BEGIN Supplied information

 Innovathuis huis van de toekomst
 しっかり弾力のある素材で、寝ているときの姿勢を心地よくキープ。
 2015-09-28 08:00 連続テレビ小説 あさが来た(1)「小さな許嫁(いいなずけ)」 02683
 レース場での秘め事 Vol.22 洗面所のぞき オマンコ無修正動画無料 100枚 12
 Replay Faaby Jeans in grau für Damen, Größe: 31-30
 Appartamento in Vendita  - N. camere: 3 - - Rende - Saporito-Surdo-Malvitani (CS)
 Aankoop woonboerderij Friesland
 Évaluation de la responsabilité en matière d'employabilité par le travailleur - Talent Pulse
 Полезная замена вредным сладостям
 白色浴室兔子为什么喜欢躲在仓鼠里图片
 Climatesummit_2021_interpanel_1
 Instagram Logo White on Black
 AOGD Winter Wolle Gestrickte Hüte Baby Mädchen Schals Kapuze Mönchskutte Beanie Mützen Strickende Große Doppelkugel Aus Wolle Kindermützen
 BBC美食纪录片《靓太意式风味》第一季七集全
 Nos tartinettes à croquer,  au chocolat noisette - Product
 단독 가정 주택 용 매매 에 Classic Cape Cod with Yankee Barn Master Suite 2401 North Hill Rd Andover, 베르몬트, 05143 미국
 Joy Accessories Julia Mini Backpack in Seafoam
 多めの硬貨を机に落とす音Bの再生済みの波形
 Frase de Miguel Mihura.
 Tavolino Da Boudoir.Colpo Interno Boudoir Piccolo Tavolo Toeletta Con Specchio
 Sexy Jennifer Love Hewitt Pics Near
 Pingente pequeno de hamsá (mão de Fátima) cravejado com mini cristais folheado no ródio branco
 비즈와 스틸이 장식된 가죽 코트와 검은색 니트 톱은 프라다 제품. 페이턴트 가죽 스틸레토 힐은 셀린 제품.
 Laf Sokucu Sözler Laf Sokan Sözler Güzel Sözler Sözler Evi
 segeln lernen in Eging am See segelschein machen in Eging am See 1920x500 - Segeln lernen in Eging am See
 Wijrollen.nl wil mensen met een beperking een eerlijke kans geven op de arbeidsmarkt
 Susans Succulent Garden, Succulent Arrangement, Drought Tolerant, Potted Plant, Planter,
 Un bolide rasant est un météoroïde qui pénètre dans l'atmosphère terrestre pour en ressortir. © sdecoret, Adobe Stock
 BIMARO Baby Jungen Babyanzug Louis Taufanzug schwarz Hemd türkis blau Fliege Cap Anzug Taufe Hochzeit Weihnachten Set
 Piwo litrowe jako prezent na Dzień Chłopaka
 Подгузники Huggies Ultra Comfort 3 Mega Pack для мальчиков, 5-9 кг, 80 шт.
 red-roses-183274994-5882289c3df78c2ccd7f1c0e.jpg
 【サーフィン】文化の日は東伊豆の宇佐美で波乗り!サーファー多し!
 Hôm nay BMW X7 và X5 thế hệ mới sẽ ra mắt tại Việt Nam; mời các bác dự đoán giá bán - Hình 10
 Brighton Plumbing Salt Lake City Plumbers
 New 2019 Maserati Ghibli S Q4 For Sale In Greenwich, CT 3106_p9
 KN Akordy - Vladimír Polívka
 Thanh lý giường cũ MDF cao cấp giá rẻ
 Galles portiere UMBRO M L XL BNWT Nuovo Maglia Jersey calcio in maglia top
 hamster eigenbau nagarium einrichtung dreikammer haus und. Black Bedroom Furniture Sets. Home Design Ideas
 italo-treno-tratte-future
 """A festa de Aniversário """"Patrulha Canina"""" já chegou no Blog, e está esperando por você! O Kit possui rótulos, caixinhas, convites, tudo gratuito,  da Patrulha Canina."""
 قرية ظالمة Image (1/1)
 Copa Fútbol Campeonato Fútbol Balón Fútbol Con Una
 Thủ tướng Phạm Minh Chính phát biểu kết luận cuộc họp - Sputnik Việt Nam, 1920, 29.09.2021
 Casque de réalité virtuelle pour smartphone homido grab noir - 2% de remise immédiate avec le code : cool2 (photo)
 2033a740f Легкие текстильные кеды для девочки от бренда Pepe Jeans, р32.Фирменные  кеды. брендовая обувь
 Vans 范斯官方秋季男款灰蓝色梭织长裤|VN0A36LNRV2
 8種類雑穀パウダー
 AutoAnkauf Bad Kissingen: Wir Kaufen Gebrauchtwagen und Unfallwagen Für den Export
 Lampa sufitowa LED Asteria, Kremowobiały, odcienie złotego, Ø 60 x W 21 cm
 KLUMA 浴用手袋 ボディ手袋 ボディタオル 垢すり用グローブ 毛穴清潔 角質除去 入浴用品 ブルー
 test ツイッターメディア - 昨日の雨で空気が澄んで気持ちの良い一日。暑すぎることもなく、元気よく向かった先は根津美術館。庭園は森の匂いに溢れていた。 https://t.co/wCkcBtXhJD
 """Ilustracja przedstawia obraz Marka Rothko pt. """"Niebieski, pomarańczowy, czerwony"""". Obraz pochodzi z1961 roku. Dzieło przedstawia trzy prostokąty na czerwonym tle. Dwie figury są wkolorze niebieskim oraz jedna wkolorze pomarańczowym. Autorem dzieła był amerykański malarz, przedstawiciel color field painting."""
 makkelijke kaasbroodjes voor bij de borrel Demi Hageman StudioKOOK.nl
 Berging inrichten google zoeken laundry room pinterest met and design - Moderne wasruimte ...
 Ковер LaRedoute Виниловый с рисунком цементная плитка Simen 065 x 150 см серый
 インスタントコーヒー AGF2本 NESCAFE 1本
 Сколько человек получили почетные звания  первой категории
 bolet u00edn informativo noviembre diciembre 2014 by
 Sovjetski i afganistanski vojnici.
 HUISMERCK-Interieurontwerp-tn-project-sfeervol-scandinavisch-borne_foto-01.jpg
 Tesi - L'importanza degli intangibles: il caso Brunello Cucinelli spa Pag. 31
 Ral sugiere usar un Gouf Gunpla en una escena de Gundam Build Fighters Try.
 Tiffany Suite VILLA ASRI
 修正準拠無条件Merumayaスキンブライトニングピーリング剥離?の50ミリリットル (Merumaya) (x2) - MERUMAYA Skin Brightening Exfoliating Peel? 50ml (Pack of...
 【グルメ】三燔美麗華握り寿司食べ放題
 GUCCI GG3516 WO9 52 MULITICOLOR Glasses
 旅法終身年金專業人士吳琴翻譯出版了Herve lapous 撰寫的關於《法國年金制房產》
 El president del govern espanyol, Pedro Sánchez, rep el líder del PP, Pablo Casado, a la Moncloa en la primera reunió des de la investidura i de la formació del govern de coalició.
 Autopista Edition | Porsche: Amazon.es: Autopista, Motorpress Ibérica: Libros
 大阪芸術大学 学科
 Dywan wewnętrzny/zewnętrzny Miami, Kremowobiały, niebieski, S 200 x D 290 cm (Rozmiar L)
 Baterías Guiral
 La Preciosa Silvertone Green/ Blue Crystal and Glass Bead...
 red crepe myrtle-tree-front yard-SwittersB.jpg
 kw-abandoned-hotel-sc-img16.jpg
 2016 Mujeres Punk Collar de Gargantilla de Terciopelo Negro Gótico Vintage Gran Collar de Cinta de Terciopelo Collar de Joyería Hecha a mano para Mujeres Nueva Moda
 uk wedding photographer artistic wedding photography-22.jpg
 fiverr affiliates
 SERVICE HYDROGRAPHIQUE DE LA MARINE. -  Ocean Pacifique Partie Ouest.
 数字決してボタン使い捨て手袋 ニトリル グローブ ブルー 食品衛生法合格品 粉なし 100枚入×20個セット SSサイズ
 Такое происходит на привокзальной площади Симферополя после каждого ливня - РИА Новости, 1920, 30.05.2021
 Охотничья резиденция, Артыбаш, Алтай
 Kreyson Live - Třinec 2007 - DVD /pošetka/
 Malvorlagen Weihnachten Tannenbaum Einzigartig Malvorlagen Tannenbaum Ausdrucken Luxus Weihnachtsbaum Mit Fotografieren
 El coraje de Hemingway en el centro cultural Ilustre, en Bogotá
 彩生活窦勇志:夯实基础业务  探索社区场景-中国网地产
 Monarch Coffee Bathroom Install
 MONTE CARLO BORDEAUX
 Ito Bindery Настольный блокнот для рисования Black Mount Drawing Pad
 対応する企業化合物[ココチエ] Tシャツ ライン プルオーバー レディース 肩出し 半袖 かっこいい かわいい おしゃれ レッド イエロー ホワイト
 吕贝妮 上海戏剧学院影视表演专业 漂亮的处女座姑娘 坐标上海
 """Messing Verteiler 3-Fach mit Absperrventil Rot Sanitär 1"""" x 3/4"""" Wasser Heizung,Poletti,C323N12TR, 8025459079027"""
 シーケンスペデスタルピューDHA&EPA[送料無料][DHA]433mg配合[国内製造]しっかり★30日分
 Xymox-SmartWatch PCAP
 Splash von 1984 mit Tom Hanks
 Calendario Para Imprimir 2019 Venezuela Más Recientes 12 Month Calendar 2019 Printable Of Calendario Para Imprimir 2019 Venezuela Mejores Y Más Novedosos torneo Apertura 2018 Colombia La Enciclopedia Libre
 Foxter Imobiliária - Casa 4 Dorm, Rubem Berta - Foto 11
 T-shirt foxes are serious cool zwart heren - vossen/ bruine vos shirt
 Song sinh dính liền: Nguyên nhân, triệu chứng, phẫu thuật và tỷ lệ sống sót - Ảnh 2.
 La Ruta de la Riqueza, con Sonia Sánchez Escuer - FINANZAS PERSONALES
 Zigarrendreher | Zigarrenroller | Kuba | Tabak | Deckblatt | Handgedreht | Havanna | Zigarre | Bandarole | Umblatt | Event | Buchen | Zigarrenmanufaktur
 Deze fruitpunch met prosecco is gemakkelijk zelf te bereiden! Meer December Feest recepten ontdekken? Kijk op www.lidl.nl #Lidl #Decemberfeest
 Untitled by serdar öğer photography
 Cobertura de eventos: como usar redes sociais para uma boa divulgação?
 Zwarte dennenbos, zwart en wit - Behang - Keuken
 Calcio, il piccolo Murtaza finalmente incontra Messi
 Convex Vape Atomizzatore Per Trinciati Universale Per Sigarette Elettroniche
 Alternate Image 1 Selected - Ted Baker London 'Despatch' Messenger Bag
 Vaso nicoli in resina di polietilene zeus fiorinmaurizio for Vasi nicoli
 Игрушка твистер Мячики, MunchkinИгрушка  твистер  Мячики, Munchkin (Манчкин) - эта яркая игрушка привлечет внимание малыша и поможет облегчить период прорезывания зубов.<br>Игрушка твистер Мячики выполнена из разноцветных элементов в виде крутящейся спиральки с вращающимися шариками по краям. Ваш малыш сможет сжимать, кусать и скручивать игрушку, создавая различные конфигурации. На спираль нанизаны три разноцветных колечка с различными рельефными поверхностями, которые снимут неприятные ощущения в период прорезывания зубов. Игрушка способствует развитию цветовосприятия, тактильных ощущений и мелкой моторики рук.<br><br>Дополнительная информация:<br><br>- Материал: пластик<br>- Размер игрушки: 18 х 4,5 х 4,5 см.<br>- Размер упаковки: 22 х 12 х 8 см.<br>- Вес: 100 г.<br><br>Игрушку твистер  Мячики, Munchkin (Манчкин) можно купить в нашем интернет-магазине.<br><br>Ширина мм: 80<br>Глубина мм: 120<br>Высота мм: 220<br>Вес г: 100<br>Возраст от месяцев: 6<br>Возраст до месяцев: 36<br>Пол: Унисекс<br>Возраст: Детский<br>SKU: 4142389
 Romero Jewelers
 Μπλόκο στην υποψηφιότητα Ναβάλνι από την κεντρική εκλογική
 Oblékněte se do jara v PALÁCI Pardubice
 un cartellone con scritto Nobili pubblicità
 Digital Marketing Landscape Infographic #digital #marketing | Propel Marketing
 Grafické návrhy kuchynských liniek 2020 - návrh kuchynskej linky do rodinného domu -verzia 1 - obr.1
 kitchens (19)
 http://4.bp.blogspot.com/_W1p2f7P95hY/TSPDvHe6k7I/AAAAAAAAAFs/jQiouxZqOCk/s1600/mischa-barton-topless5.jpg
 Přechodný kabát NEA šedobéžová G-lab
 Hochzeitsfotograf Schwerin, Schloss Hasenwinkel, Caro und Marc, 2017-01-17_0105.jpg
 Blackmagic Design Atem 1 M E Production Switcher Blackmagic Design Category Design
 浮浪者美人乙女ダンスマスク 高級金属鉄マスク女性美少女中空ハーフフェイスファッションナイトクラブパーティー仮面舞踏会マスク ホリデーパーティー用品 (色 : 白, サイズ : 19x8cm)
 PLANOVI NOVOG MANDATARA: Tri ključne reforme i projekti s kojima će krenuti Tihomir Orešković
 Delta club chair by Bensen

END Supplied information

**Assignment**
If a line in the records contains the string "Weihnachten", copy it out.

**Task result**
 BIMARO Baby Jungen Babyanzug Louis Taufanzug schwarz Hemd türkis blau Fliege Cap Anzug Taufe Hochzeit Weihnachten Set
 Malvorlagen Weihnachten Tannenbaum Einzigartig Malvorlagen Tannenbaum Ausdrucken Luxus Weihnachtsbaum Mit Fotografieren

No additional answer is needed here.